Your assignment: Leave the pictures out, and transcribe the material below exactly from the line with "YAMAHA V1 2016" to the line with "fallen und im Aufrichten", both lines included.
[[ Material provided open ]]
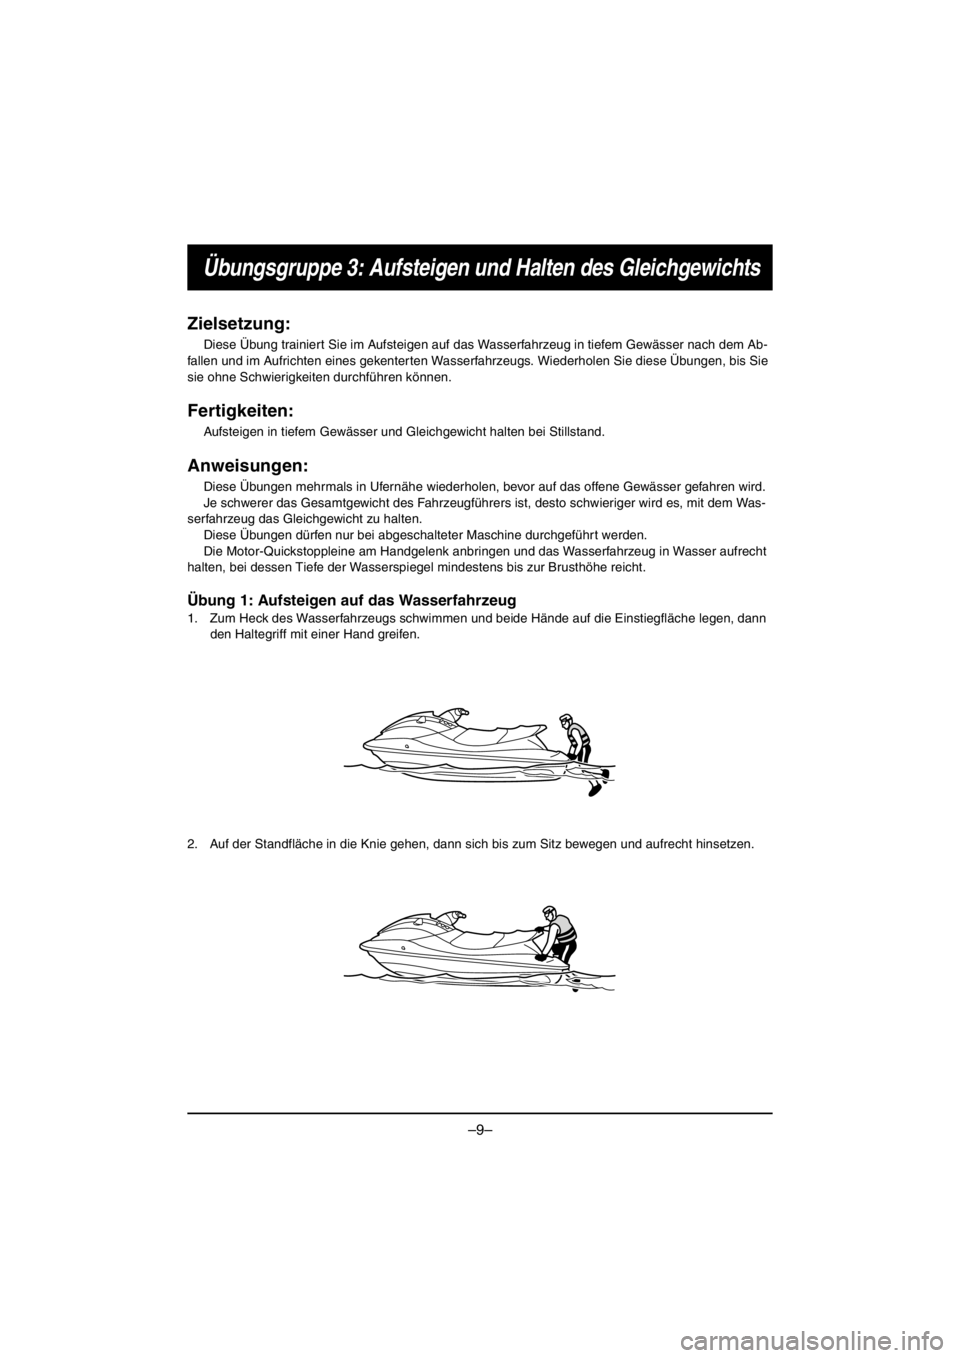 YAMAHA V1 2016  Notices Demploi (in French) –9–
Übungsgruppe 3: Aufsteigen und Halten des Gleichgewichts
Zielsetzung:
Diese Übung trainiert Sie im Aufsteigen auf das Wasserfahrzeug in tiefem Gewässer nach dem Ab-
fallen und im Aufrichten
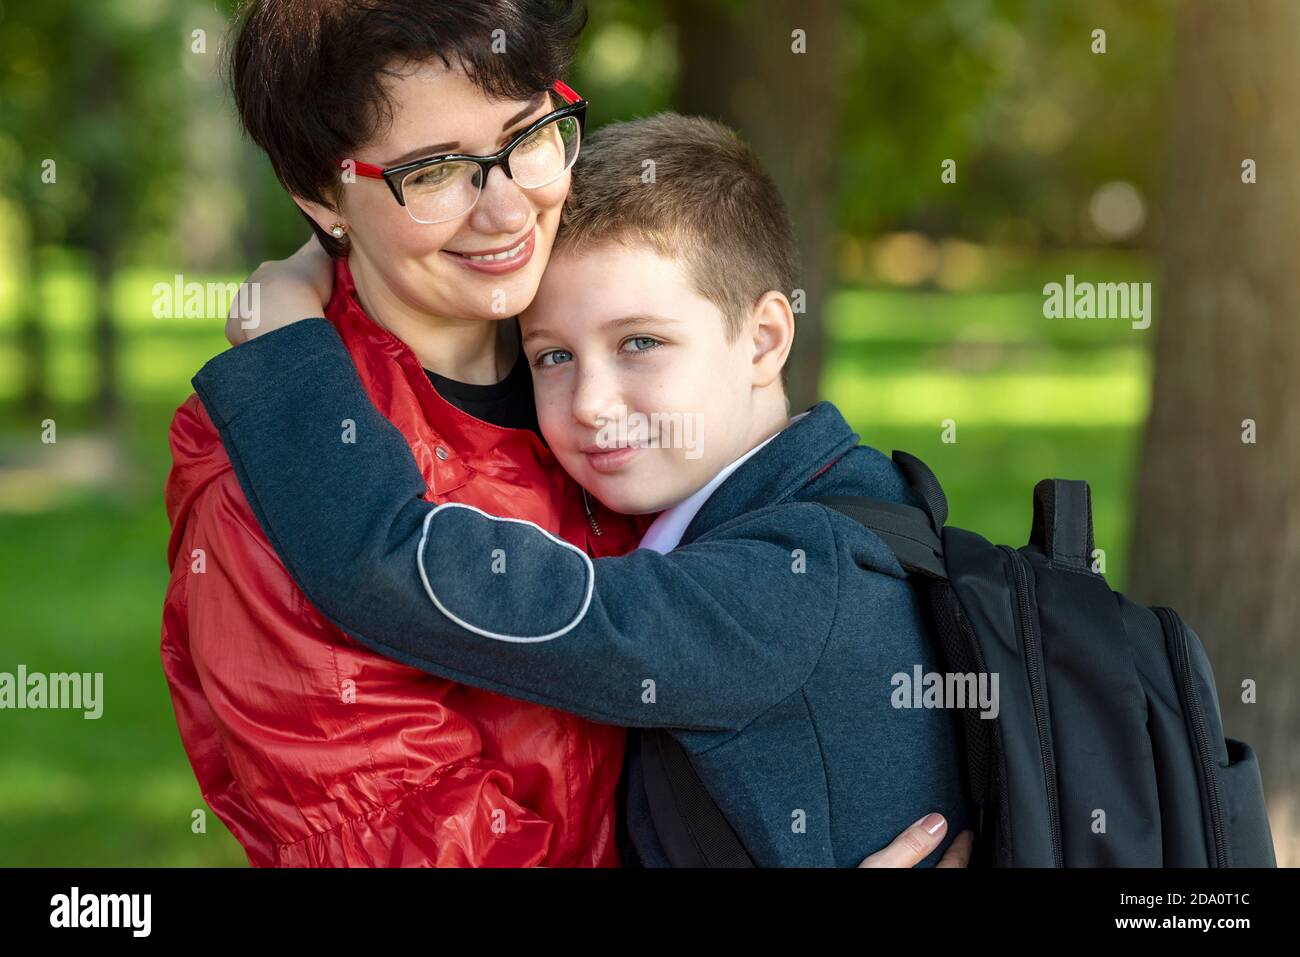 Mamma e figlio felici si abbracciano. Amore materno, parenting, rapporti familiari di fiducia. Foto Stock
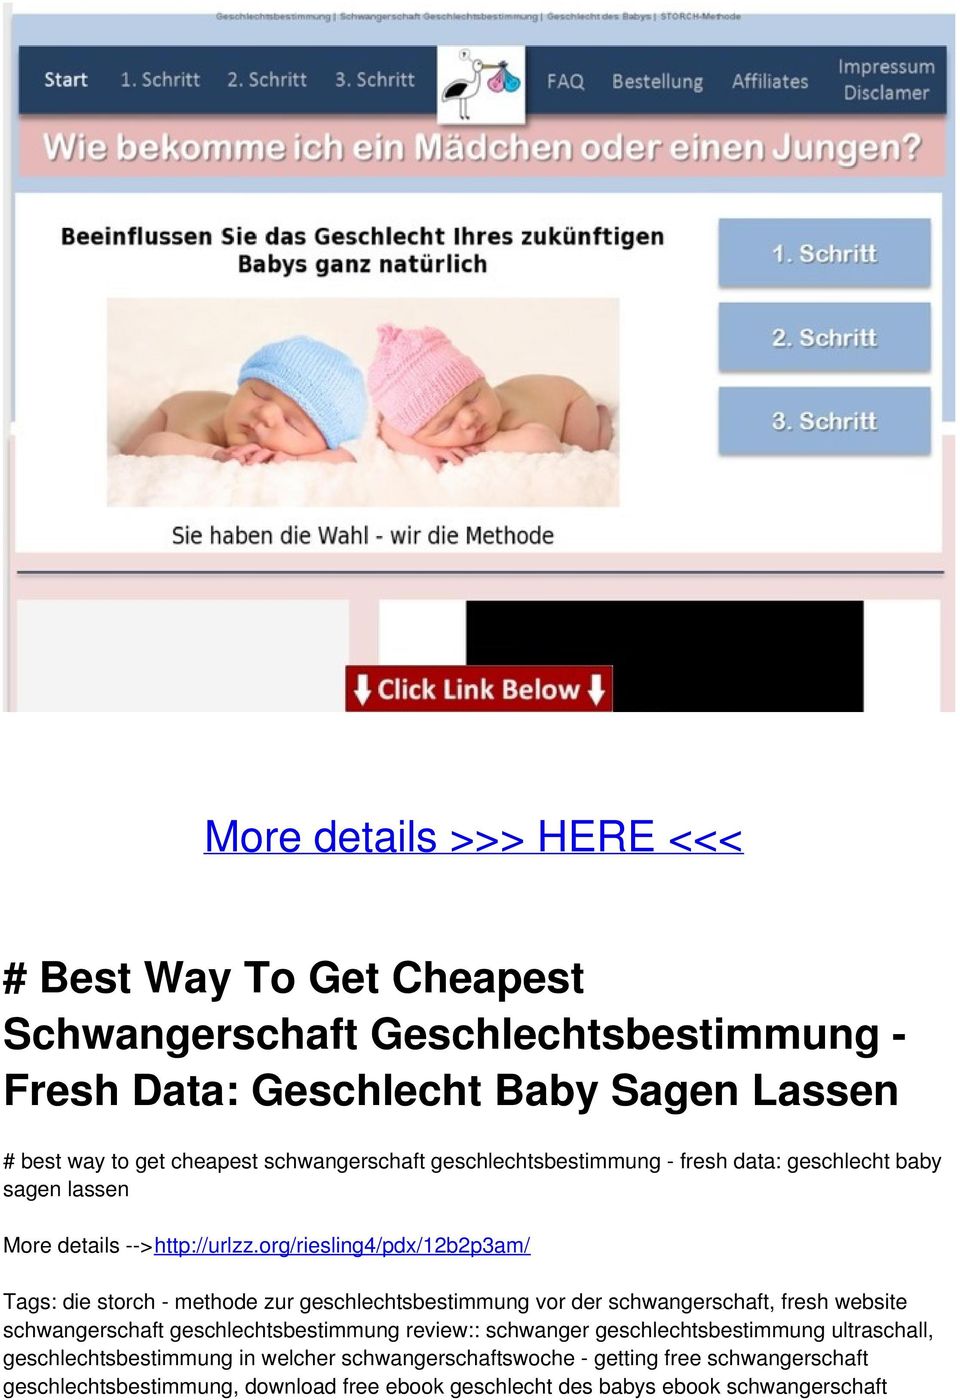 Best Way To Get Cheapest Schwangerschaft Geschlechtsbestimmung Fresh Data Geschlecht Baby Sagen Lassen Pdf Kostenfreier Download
[[ Material provided closed ]]
[[ Material provided open ]]
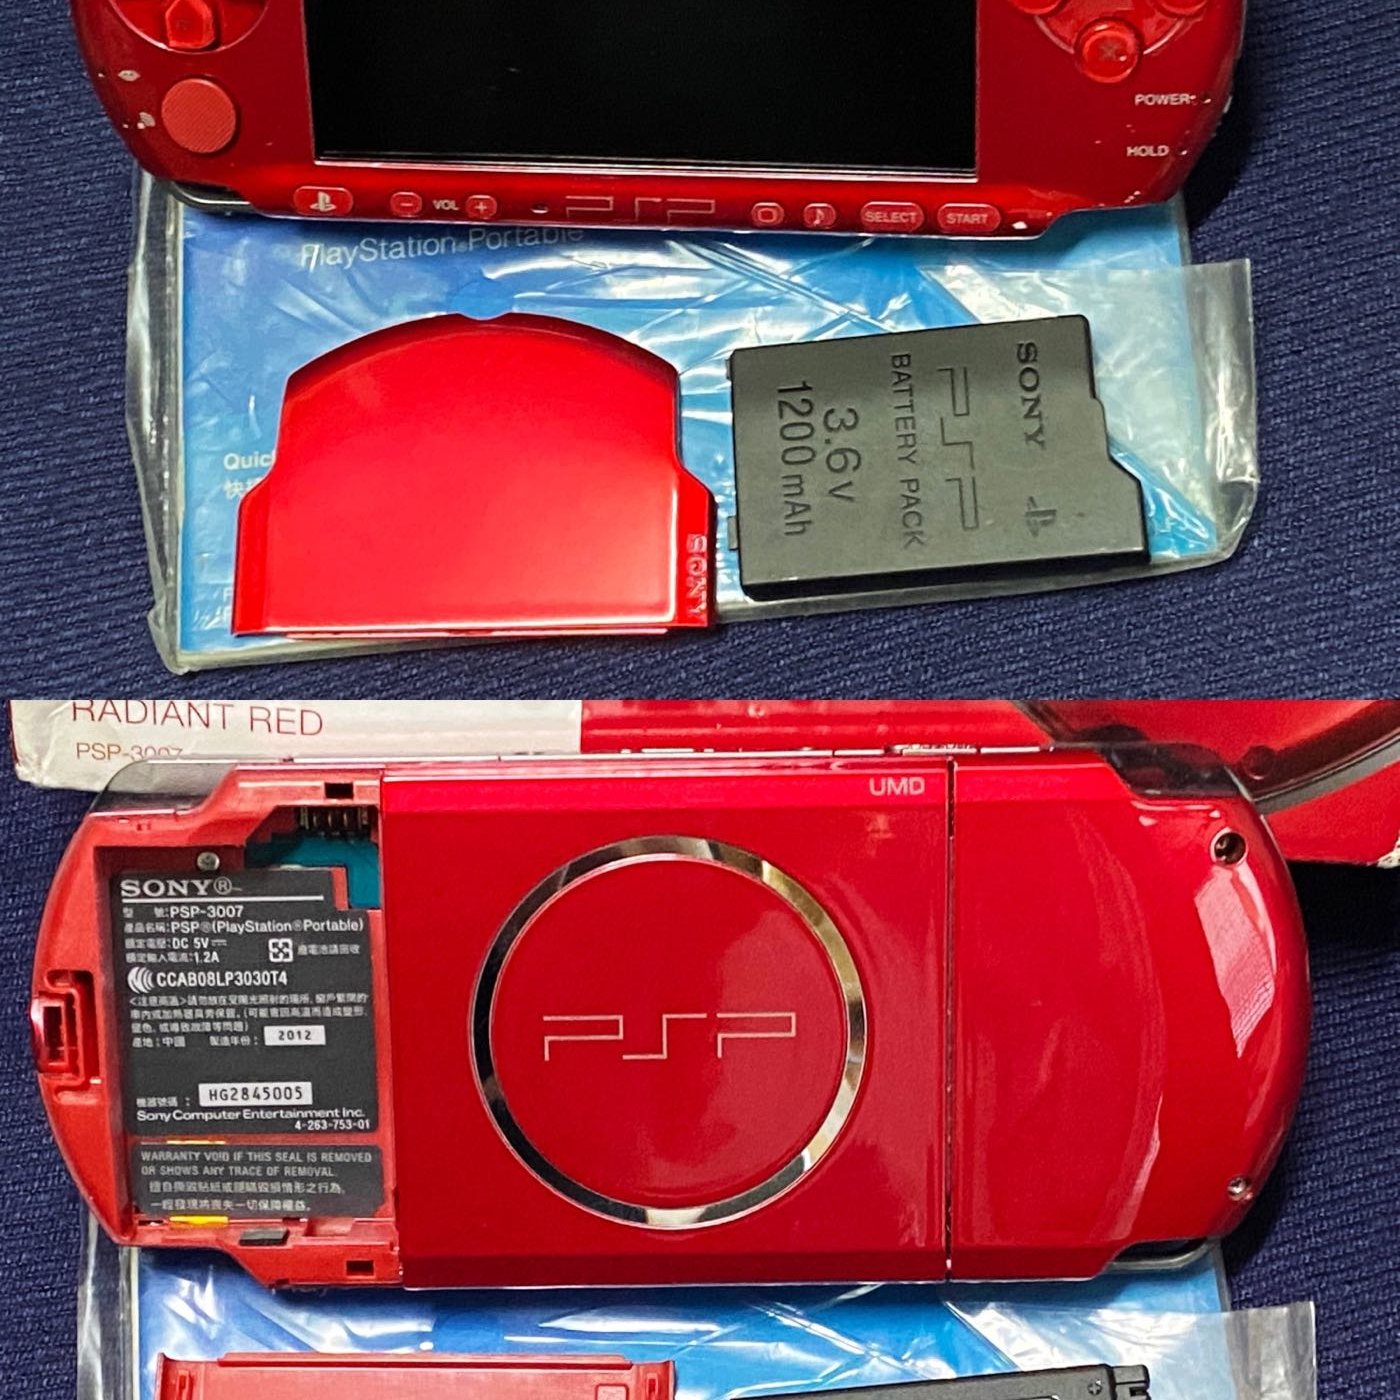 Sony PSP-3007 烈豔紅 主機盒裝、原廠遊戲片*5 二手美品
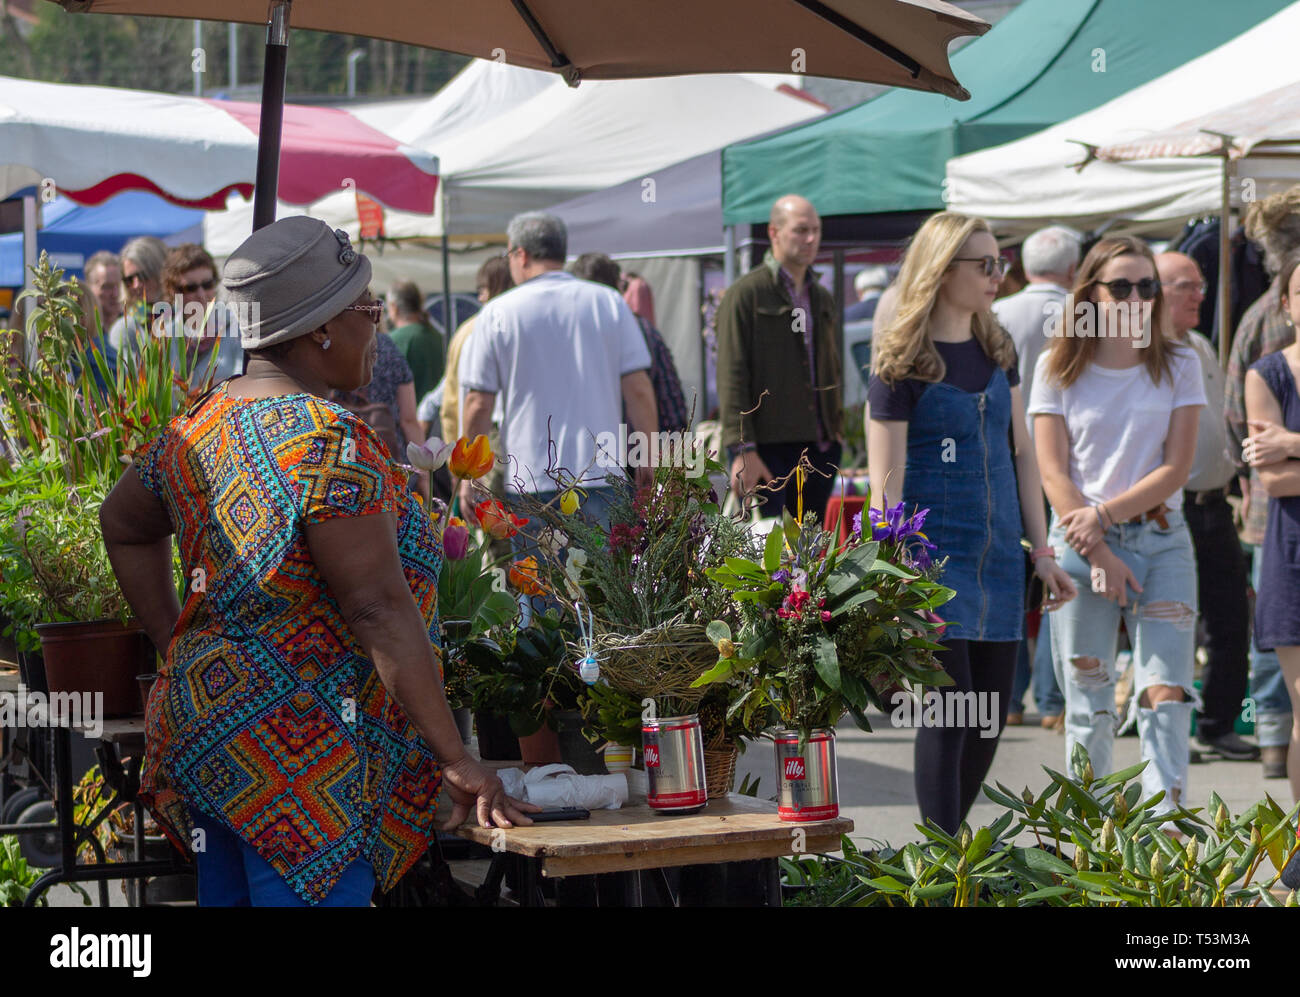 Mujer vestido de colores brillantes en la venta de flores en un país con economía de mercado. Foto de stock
[[ Material provided closed ]]
Task answer:
 YAMAHA V1 2016  Notices Demploi (in French) –9–
Übungsgruppe 3: Aufsteigen und Halten des Gleichgewichts
Zielsetzung:
Diese Übung trainiert Sie im Aufsteigen auf das Wasserfahrzeug in tiefem Gewässer nach dem Ab-
fallen und im Aufrichten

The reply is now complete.